Llama 3.1 AI Models Have Officially Released
Llama 3.1 AI Models Have Officially Released
I haven’t given it a very thorough testing, and I’m by no means an expert, but from the few prompts I’ve ran so far, I’d have to hand it to Nemo concerning quality.
Using openrouter.ai, I’ve also given llama3.1 405B a shot, and that seems to be at least on par with (if not better than) Claude 3.5 Sonnet, whilst being a bit cheaper as well.
At long context, Nemo is way better than llama 8B in my testing.
Turns out they are both very sensitive to quantization though.
Ah, that’s a wonderful use case. One of my favourite models has a storytelling lora applied to it, maybe that would be useful to you too?
At any rate, if you’d end up publishing your model, I’d love to hear about it.

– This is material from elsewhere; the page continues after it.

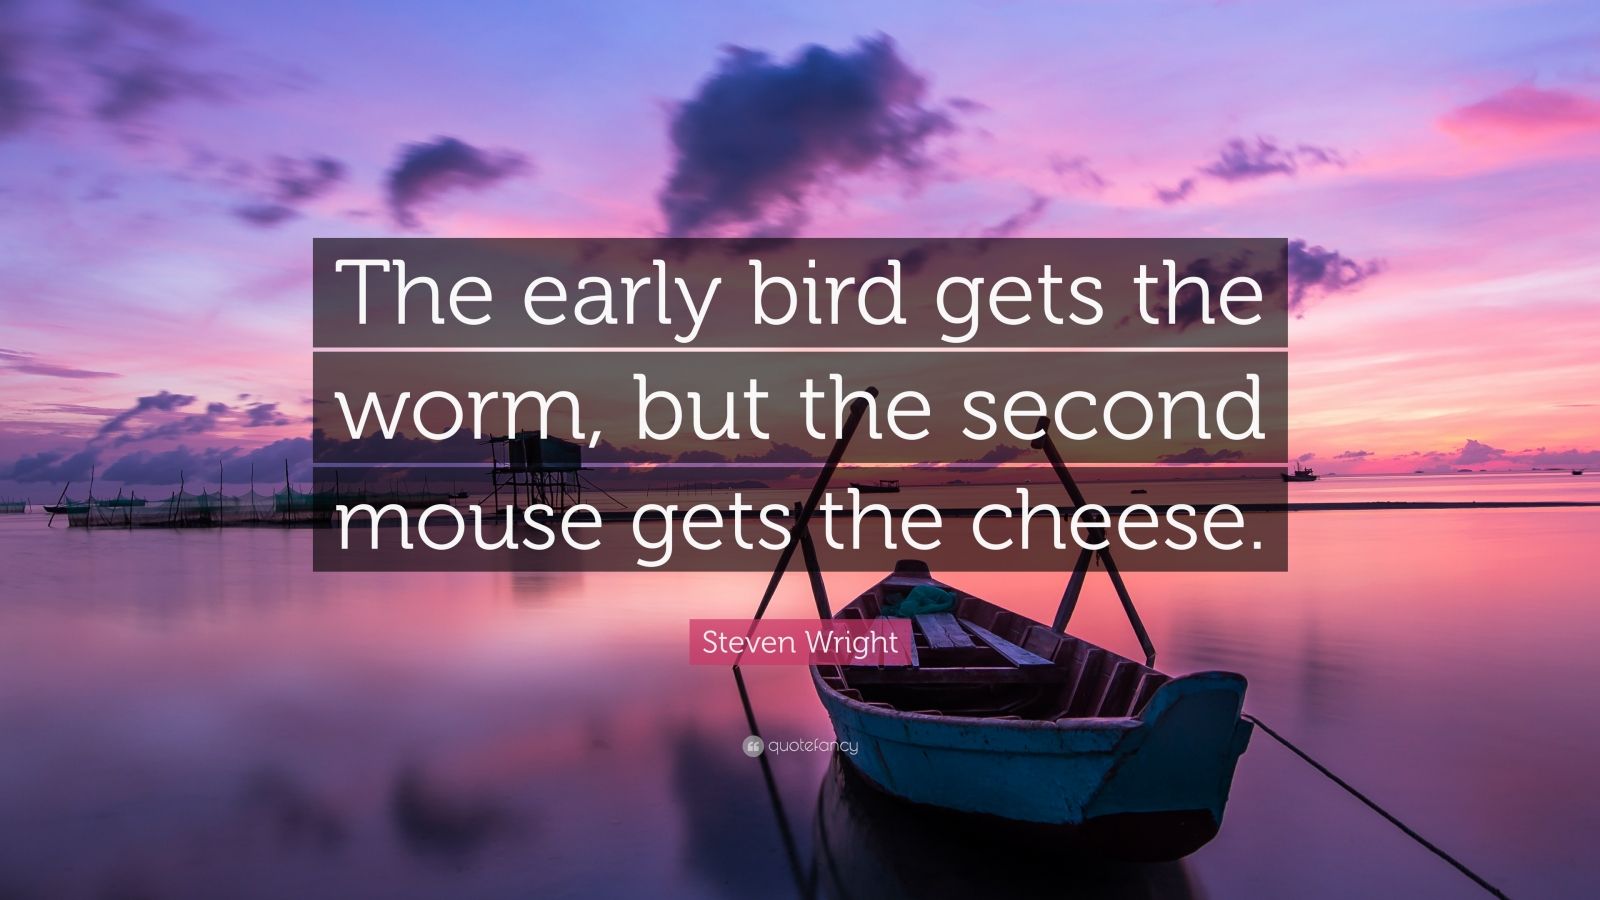 Steven Wright Quote: “The early bird gets the worm, but the second

[Oh, my friend, you have to switch to this: huggingface.co/BeaverAI/mistral-doryV2-12b
It’s so much smarter than llama 13B. And it goes all the way out to 128K!
A 3090.
But it should be fine on a 3060
Dump ollama for long context. Grab a 6bpw exl2 quantization and load it with Q4 or Q6 cache depending on how much context you want. I personally use EXUI, but text-gen-webu- and tabbyapi (with some other frontend) will also load them.
I dunno, with image models specifically it seems like they’re the devil because of the datasets they’re trained on, killing artists, and… that’s that. And LLMs to a lesser extent.
I think most people don’t realize how much of an inflection point local running vs. corporate hosting could be, which is especially ironic on Lemmy.